**EXERCISE OBJECTIVE:** Copy out all the lines of the data precisely, omitting any pictures.

[COLLECTED MATERIAL — start]

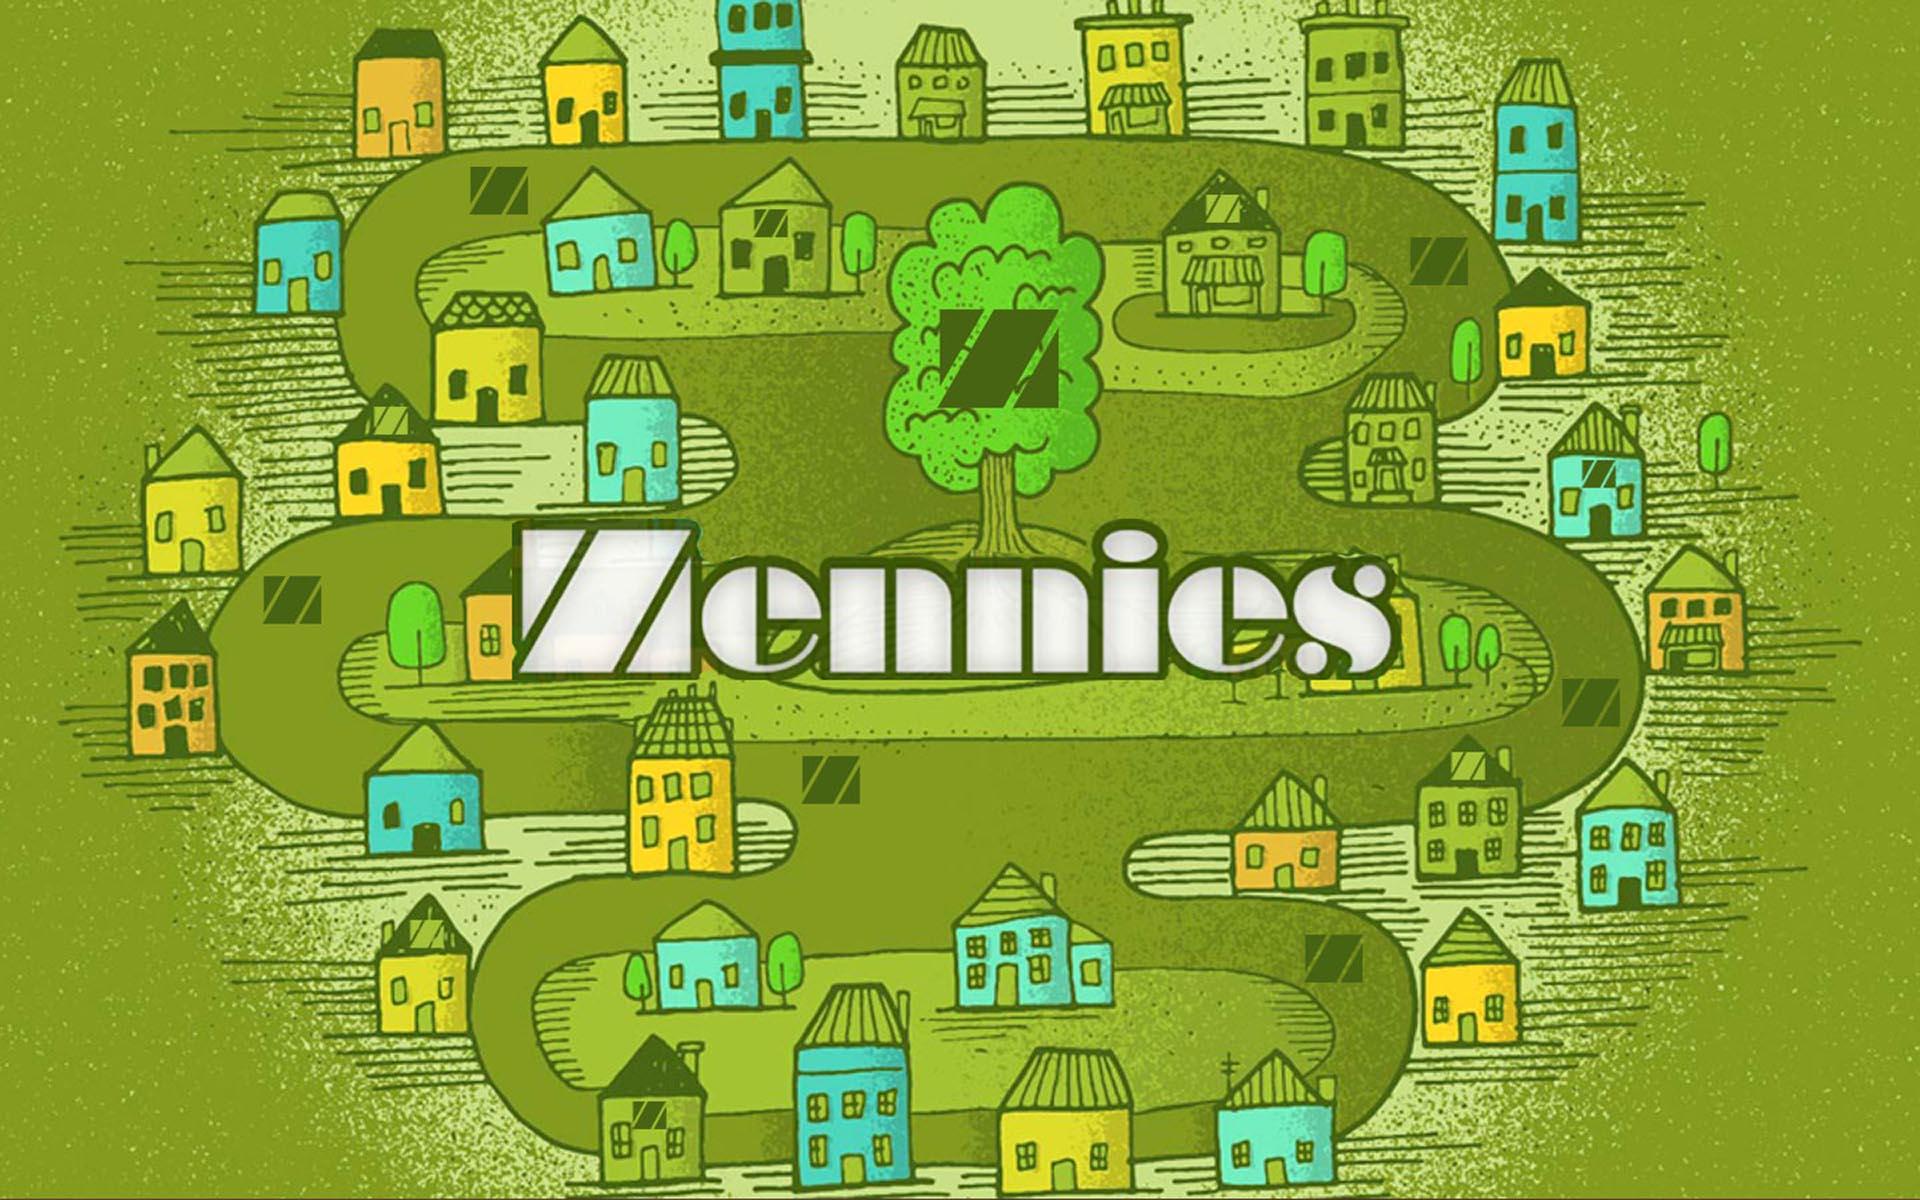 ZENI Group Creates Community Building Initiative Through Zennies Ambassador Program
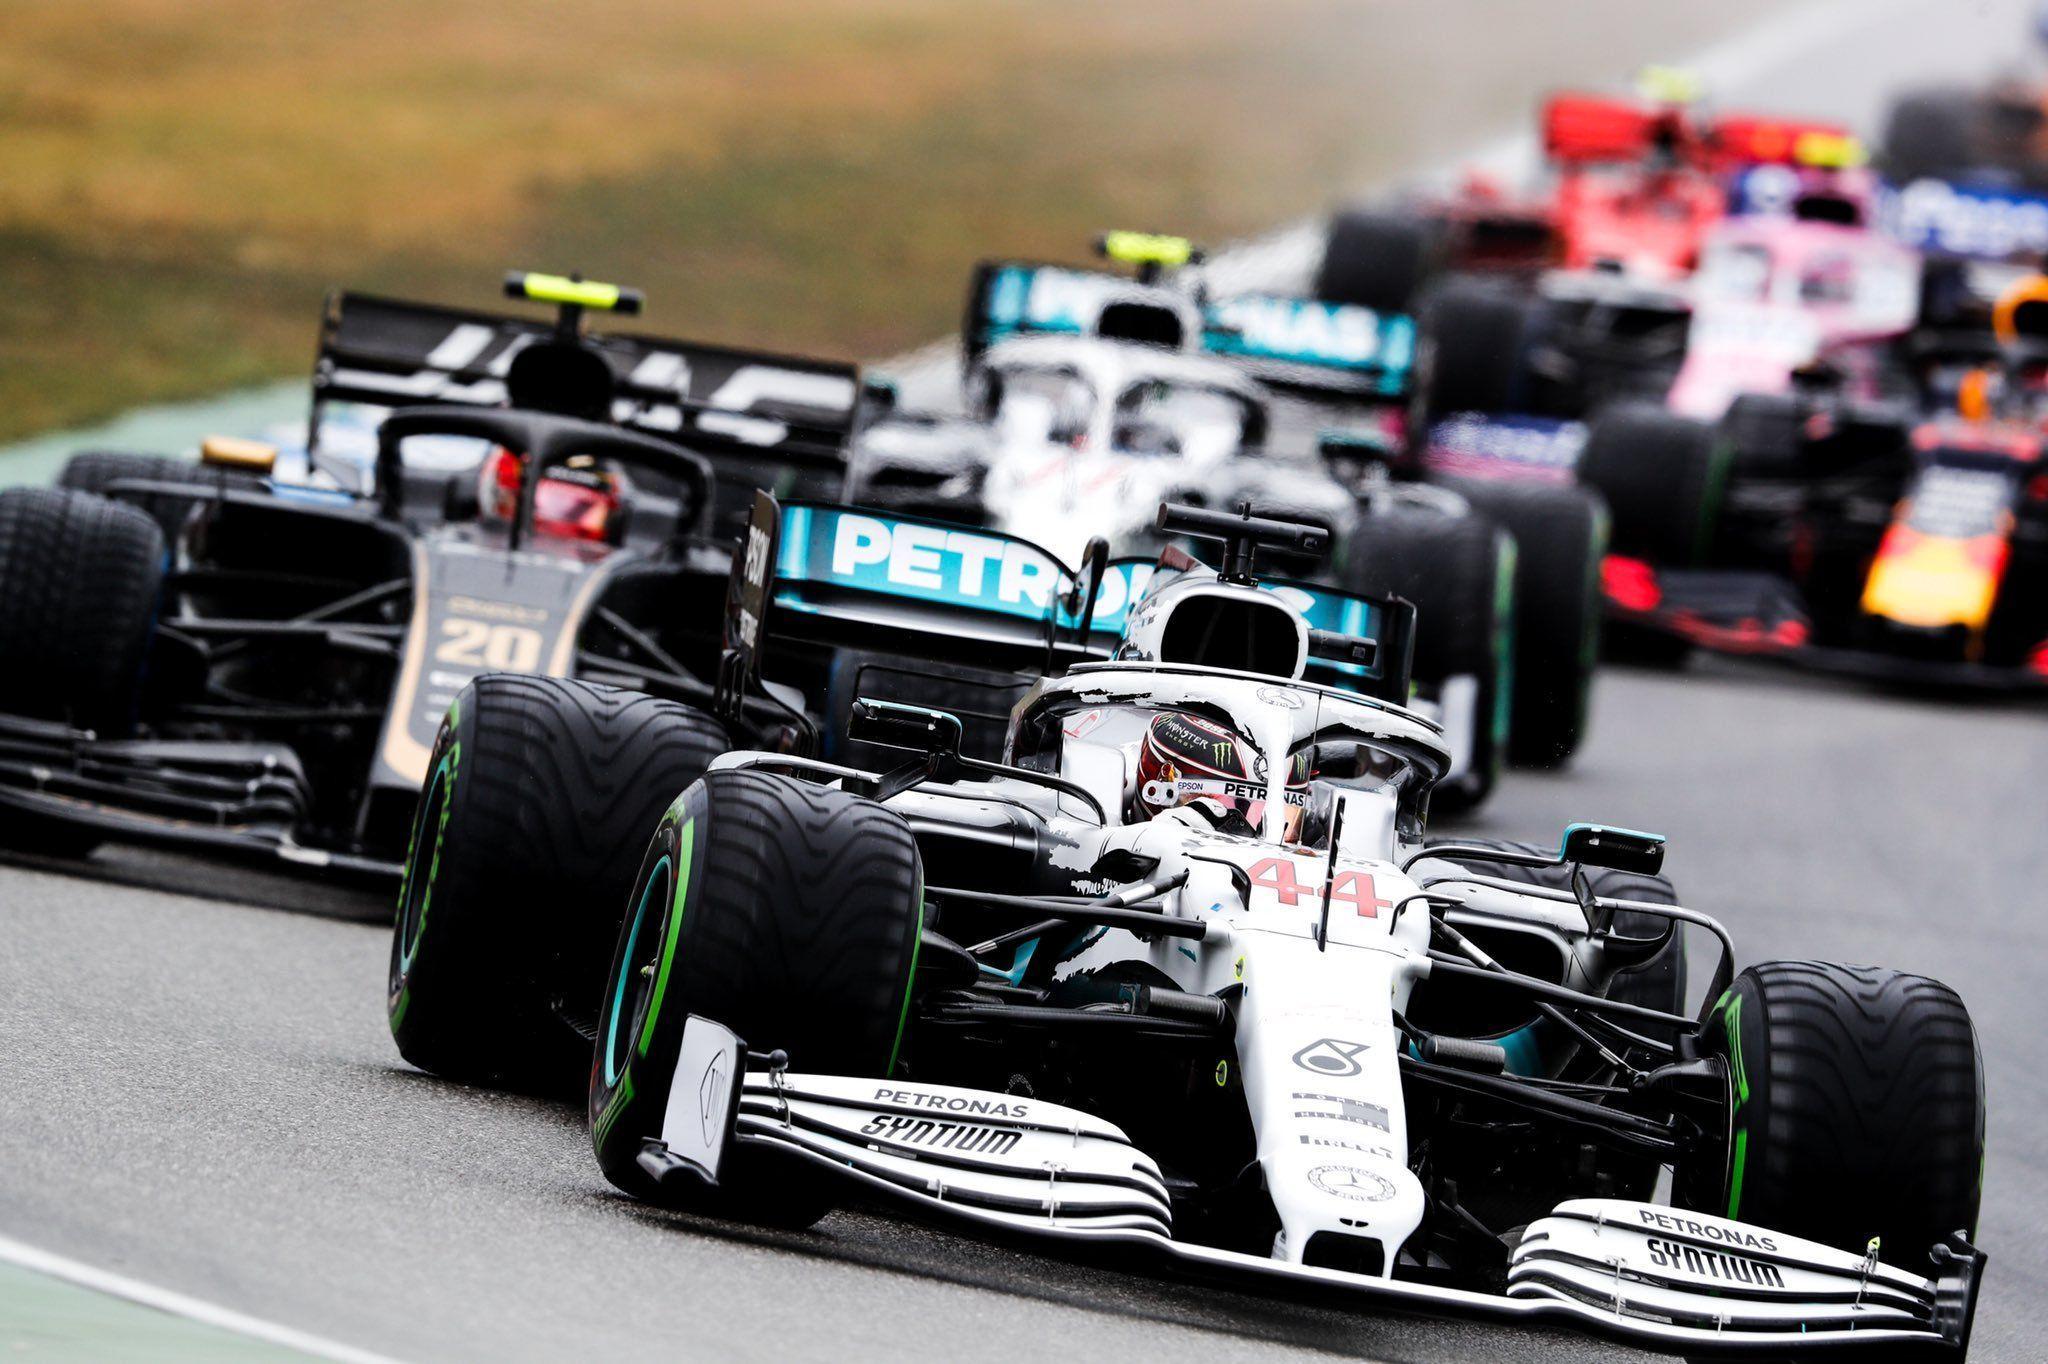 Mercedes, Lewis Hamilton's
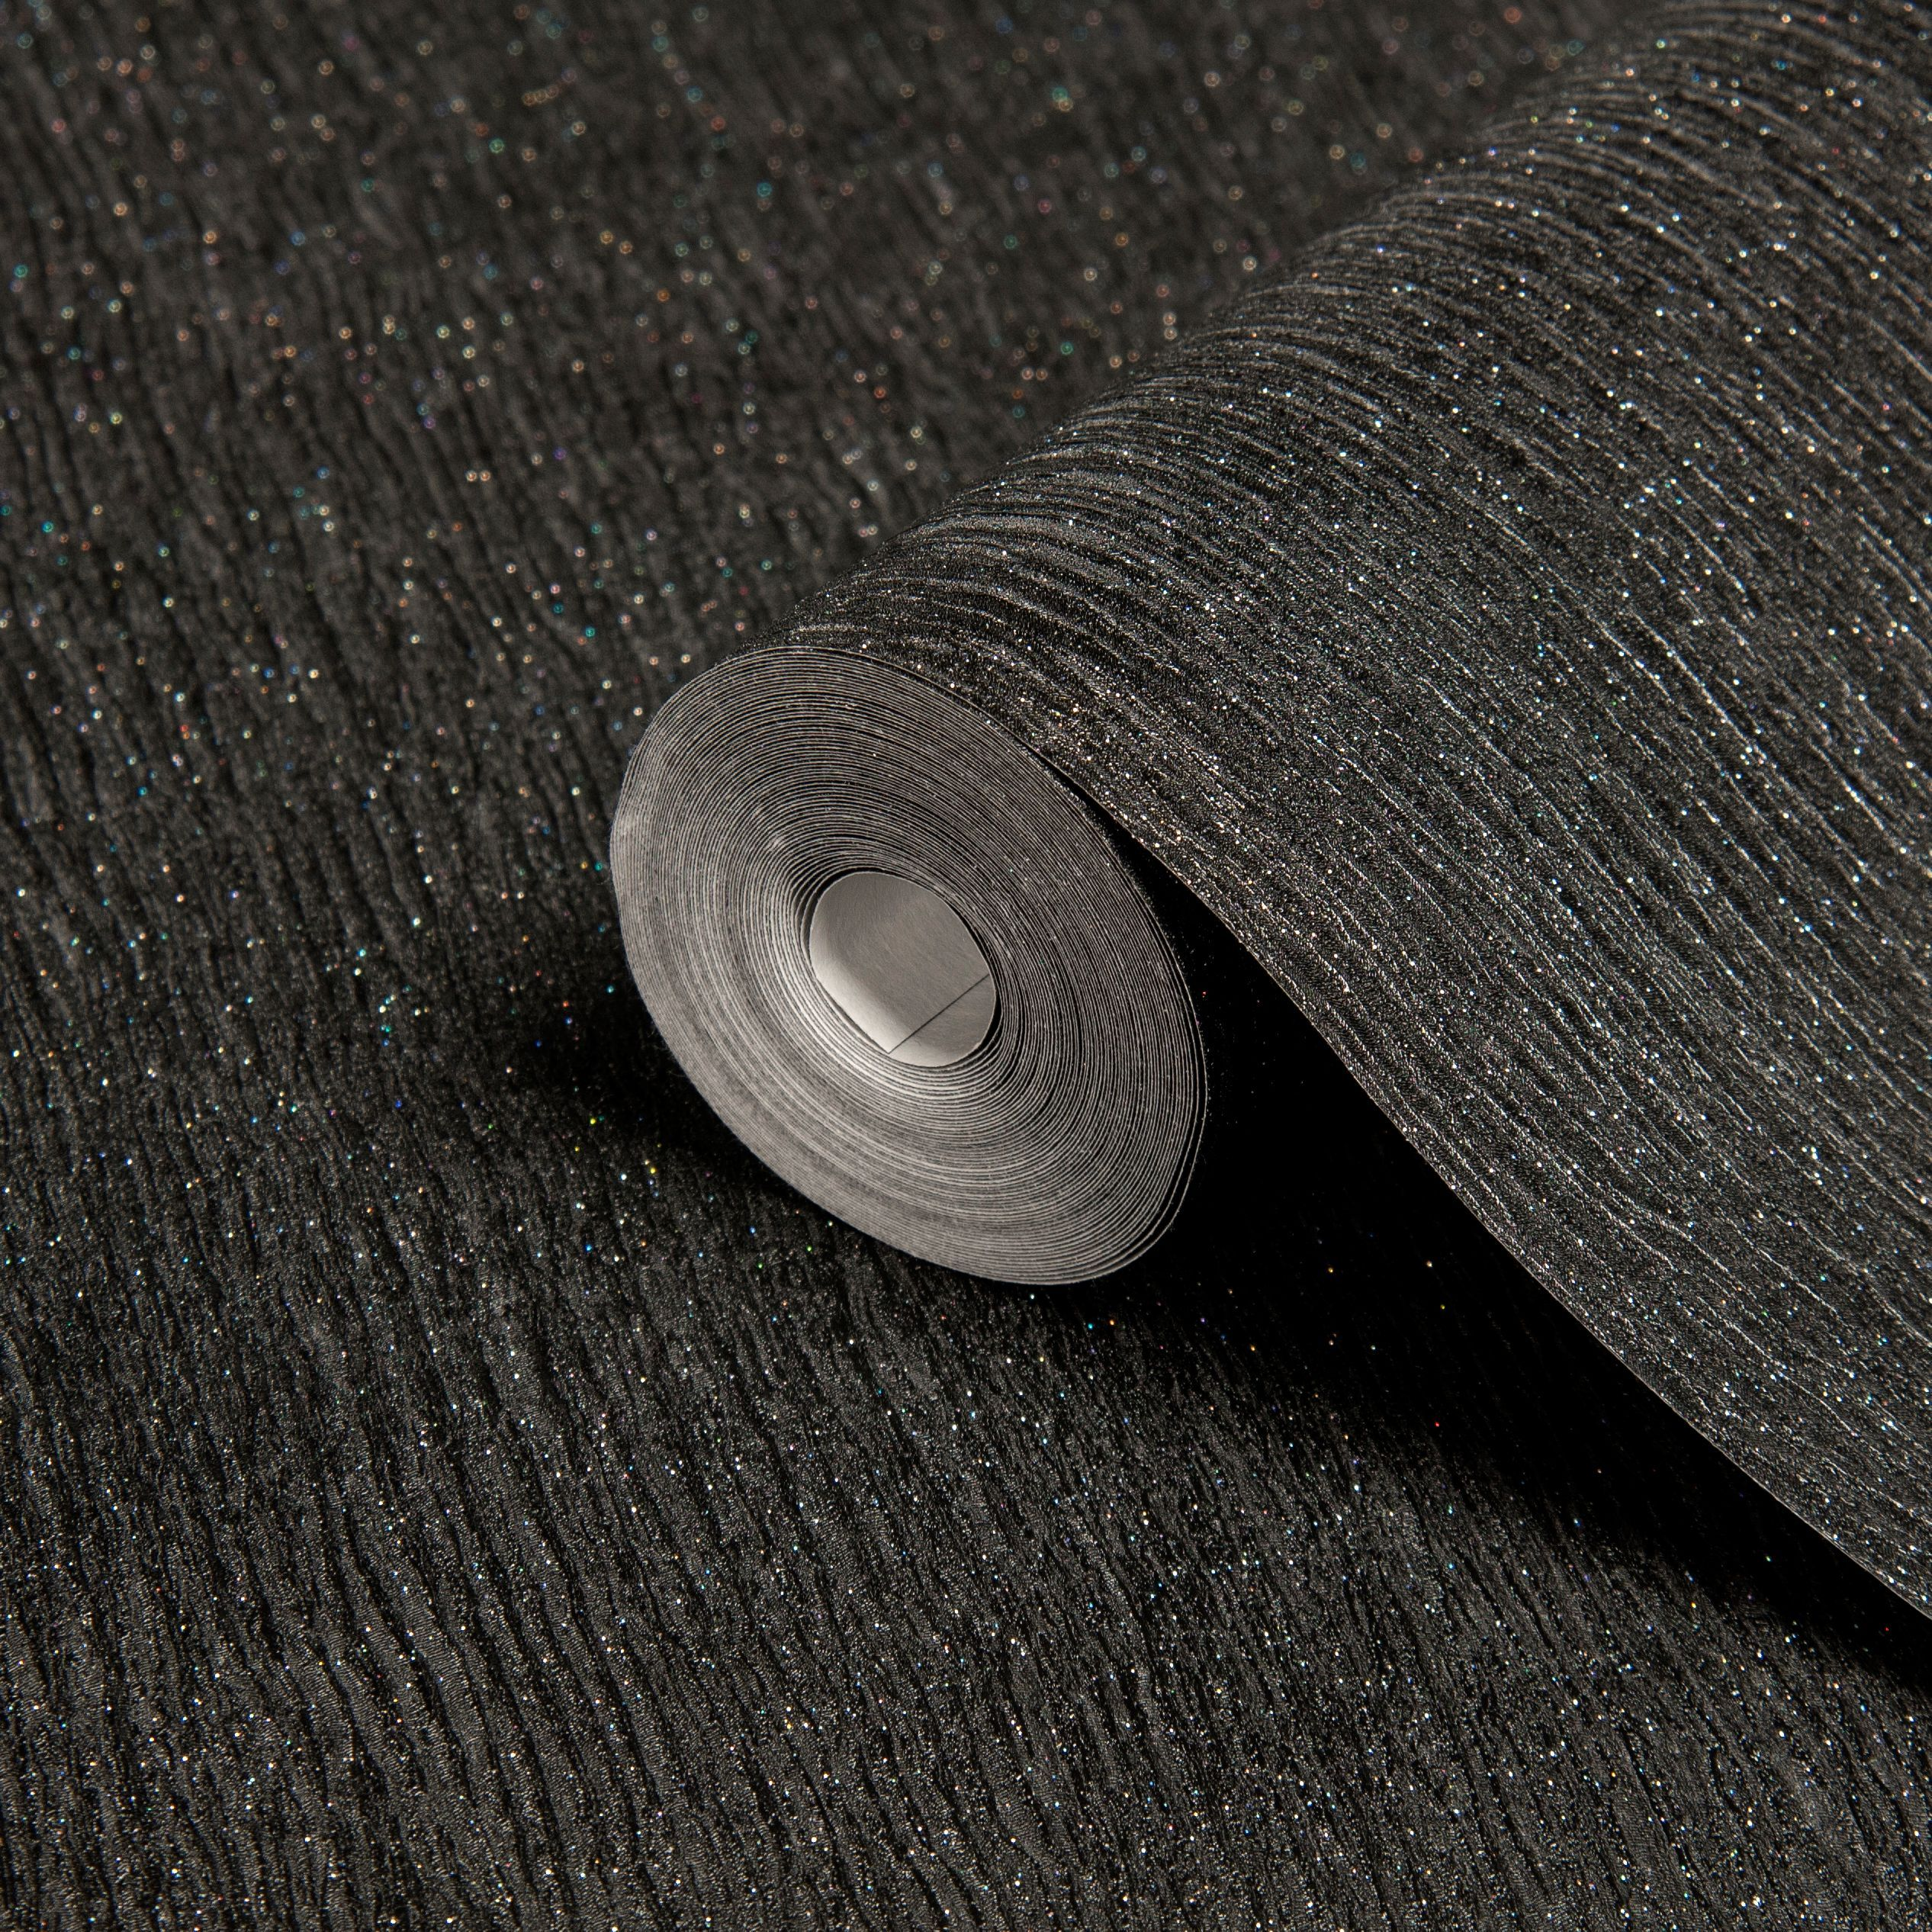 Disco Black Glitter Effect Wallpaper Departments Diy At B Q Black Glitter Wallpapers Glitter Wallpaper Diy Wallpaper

[COLLECTED MATERIAL — finish]

**WRITTEN RESPONSE:**
 ZENI Group Creates Community Building Initiative Through Zennies Ambassador Program
 Mercedes, Lewis Hamilton's
 Disco Black Glitter Effect Wallpaper Departments Diy At B Q Black Glitter Wallpapers Glitter Wallpaper Diy Wallpaper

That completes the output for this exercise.